=== PROBLEM TO WORK ON ===
Only one stretch of the data below is wanted: the lines starting at the one with "puppy on snowy deck in winter" and ending at the one with "Morton Media", both included, given again exactly.

....................

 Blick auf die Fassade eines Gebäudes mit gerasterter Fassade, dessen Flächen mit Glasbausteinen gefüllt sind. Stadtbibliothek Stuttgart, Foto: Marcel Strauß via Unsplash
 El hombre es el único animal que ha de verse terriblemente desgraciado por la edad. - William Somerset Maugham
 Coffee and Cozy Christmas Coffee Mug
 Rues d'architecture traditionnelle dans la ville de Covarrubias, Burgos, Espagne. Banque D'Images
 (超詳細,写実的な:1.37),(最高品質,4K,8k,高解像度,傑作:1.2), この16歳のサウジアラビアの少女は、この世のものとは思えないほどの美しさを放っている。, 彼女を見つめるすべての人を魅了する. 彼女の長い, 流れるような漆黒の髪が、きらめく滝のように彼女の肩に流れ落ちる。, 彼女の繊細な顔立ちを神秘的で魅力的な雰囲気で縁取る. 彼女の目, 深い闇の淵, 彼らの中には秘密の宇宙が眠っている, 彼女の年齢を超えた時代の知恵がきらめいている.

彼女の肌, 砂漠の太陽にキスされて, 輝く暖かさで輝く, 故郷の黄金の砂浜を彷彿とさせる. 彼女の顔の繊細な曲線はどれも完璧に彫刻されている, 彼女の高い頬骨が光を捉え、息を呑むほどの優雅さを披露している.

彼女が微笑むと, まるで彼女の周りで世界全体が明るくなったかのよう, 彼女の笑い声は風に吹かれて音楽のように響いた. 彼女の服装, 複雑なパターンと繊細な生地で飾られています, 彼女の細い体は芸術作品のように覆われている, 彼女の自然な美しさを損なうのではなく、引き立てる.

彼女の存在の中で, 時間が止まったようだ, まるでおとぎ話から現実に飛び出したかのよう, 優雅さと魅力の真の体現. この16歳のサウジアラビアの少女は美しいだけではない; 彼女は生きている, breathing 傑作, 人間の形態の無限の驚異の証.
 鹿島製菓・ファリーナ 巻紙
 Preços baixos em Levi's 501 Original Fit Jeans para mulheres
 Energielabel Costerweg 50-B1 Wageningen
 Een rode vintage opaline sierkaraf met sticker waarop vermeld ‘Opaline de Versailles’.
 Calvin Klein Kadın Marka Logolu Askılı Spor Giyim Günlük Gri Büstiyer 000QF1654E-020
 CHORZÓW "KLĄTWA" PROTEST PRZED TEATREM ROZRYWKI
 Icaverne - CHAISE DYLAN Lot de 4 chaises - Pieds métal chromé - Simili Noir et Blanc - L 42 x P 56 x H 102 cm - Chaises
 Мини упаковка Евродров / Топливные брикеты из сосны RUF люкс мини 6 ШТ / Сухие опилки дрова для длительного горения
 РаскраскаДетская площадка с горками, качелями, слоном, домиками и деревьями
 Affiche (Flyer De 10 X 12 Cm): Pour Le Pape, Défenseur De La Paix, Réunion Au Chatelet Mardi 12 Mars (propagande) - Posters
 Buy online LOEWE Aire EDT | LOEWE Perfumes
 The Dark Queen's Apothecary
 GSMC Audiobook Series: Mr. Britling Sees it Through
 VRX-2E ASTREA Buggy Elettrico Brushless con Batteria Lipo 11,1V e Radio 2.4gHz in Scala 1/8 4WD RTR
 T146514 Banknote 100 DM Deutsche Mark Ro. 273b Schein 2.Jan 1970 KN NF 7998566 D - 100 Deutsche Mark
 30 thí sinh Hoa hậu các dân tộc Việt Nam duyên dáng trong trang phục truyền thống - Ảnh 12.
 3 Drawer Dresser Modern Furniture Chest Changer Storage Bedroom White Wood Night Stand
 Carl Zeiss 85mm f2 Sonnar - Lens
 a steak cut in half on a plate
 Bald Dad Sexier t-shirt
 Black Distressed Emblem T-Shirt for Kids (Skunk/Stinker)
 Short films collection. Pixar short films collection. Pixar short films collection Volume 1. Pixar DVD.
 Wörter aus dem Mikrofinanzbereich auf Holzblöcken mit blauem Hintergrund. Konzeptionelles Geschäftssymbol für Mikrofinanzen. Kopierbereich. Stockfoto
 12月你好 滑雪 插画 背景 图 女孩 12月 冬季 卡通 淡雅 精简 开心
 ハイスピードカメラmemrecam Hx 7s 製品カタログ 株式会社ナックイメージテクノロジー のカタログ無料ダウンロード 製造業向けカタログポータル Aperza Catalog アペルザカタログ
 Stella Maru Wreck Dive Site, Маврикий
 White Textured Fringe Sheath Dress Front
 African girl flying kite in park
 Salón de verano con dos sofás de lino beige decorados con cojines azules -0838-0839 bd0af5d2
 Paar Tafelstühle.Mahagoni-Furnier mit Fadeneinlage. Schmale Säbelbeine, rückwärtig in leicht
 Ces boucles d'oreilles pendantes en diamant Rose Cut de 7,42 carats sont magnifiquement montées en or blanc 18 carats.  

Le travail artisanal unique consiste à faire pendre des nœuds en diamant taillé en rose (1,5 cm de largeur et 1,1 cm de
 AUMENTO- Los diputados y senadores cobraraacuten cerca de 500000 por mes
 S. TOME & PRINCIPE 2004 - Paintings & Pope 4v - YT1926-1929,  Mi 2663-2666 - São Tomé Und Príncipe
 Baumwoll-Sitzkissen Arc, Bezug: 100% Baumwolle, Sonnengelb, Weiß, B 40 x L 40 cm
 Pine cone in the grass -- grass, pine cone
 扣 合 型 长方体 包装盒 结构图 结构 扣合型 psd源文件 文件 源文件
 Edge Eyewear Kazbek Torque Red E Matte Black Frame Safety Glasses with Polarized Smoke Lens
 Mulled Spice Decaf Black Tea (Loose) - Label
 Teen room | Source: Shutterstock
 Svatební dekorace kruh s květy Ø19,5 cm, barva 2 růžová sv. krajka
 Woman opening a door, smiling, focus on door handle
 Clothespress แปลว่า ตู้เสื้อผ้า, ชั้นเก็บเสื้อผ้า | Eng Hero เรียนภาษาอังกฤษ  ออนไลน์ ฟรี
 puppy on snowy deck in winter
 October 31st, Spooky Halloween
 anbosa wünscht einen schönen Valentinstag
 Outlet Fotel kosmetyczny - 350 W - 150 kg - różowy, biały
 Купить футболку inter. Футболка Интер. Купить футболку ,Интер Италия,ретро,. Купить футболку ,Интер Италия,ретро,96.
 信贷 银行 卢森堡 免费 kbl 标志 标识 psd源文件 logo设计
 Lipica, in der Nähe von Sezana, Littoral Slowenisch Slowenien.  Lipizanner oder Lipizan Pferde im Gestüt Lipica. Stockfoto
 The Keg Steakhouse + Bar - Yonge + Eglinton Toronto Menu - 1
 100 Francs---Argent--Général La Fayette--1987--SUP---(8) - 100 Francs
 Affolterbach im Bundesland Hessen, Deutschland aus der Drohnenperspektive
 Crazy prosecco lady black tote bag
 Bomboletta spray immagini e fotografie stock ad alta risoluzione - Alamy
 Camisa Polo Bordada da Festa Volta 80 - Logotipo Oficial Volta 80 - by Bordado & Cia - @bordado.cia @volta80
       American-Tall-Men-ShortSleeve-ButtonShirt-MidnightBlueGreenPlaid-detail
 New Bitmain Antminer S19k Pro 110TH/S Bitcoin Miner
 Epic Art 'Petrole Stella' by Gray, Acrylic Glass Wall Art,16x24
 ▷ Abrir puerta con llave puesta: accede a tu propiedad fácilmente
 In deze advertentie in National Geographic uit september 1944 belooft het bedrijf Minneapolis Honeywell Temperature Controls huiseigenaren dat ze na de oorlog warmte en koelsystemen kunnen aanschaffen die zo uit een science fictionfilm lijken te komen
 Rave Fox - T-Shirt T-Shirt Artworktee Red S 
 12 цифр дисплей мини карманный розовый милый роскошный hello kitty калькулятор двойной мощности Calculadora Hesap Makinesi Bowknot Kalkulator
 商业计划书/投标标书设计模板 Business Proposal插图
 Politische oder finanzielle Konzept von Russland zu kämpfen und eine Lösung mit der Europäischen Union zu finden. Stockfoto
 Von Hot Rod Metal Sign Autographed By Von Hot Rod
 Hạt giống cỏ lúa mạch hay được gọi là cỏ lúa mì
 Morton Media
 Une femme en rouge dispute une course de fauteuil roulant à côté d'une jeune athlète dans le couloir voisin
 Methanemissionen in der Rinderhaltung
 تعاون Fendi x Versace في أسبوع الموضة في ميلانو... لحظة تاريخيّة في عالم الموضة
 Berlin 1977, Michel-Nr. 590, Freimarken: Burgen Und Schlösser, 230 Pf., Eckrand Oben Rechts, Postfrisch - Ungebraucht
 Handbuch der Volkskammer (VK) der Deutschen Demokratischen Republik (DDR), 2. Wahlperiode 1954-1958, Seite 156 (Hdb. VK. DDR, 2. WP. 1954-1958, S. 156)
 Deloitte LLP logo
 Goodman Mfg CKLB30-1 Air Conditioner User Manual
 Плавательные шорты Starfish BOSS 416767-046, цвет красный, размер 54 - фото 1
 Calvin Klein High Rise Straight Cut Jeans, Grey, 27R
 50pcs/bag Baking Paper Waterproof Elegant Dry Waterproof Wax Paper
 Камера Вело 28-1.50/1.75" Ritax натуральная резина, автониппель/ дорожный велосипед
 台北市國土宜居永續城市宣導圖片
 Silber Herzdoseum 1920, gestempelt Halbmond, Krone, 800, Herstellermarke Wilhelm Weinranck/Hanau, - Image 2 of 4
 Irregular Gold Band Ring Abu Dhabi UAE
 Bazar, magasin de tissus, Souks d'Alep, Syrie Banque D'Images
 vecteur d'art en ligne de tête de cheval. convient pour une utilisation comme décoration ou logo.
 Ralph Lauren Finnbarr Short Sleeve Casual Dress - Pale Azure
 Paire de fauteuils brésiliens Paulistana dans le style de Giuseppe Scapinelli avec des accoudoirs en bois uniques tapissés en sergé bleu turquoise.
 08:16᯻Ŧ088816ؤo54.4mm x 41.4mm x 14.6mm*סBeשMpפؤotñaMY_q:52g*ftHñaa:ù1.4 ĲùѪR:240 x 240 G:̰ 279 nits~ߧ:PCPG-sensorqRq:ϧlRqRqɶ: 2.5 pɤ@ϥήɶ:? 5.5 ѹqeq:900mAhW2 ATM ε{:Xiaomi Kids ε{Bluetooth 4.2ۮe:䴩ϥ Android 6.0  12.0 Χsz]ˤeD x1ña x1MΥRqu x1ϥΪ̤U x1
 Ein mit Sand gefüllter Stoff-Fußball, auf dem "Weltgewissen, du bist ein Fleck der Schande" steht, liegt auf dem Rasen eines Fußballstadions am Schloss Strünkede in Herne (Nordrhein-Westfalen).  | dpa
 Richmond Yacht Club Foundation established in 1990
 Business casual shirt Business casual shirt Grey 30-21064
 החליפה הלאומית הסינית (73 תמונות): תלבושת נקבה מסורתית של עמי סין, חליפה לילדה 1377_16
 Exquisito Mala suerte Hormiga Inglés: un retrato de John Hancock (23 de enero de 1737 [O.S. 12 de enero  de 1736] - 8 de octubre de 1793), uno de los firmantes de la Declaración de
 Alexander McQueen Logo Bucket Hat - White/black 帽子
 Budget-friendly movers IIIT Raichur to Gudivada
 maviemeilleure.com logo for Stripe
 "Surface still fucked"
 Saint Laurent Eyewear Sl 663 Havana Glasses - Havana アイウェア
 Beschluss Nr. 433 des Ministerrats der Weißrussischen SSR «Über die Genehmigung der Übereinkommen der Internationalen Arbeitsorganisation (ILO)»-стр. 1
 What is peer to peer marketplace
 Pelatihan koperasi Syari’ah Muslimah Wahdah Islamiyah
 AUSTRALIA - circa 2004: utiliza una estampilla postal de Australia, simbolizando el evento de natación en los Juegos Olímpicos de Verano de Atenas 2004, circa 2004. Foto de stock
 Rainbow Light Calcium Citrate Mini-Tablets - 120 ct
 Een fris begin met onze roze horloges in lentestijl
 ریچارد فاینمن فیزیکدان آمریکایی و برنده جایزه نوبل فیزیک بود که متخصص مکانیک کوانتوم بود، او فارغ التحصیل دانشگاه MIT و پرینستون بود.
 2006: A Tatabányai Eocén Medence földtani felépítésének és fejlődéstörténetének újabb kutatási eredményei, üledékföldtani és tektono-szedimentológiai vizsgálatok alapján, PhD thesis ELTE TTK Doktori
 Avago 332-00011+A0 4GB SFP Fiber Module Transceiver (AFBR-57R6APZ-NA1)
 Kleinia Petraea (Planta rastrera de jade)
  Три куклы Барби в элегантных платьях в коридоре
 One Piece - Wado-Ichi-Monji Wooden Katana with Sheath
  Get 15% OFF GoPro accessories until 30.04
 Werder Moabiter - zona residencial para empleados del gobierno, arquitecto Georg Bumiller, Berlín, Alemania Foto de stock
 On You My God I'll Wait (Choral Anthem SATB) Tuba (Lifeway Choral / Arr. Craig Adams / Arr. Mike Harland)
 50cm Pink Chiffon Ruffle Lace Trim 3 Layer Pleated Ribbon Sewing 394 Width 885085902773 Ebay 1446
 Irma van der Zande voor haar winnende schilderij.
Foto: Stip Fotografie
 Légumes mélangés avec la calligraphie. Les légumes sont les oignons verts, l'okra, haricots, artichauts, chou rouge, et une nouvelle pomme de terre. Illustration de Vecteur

....................

=== WRITTEN RESPONSE ===
 puppy on snowy deck in winter
 October 31st, Spooky Halloween
 anbosa wünscht einen schönen Valentinstag
 Outlet Fotel kosmetyczny - 350 W - 150 kg - różowy, biały
 Купить футболку inter. Футболка Интер. Купить футболку ,Интер Италия,ретро,. Купить футболку ,Интер Италия,ретро,96.
 信贷 银行 卢森堡 免费 kbl 标志 标识 psd源文件 logo设计
 Lipica, in der Nähe von Sezana, Littoral Slowenisch Slowenien.  Lipizanner oder Lipizan Pferde im Gestüt Lipica. Stockfoto
 The Keg Steakhouse + Bar - Yonge + Eglinton Toronto Menu - 1
 100 Francs---Argent--Général La Fayette--1987--SUP---(8) - 100 Francs
 Affolterbach im Bundesland Hessen, Deutschland aus der Drohnenperspektive
 Crazy prosecco lady black tote bag
 Bomboletta spray immagini e fotografie stock ad alta risoluzione - Alamy
 Camisa Polo Bordada da Festa Volta 80 - Logotipo Oficial Volta 80 - by Bordado & Cia - @bordado.cia @volta80
       American-Tall-Men-ShortSleeve-ButtonShirt-MidnightBlueGreenPlaid-detail
 New Bitmain Antminer S19k Pro 110TH/S Bitcoin Miner
 Epic Art 'Petrole Stella' by Gray, Acrylic Glass Wall Art,16x24
 ▷ Abrir puerta con llave puesta: accede a tu propiedad fácilmente
 In deze advertentie in National Geographic uit september 1944 belooft het bedrijf Minneapolis Honeywell Temperature Controls huiseigenaren dat ze na de oorlog warmte en koelsystemen kunnen aanschaffen die zo uit een science fictionfilm lijken te komen
 Rave Fox - T-Shirt T-Shirt Artworktee Red S 
 12 цифр дисплей мини карманный розовый милый роскошный hello kitty калькулятор двойной мощности Calculadora Hesap Makinesi Bowknot Kalkulator
 商业计划书/投标标书设计模板 Business Proposal插图
 Politische oder finanzielle Konzept von Russland zu kämpfen und eine Lösung mit der Europäischen Union zu finden. Stockfoto
 Von Hot Rod Metal Sign Autographed By Von Hot Rod
 Hạt giống cỏ lúa mạch hay được gọi là cỏ lúa mì
 Morton Media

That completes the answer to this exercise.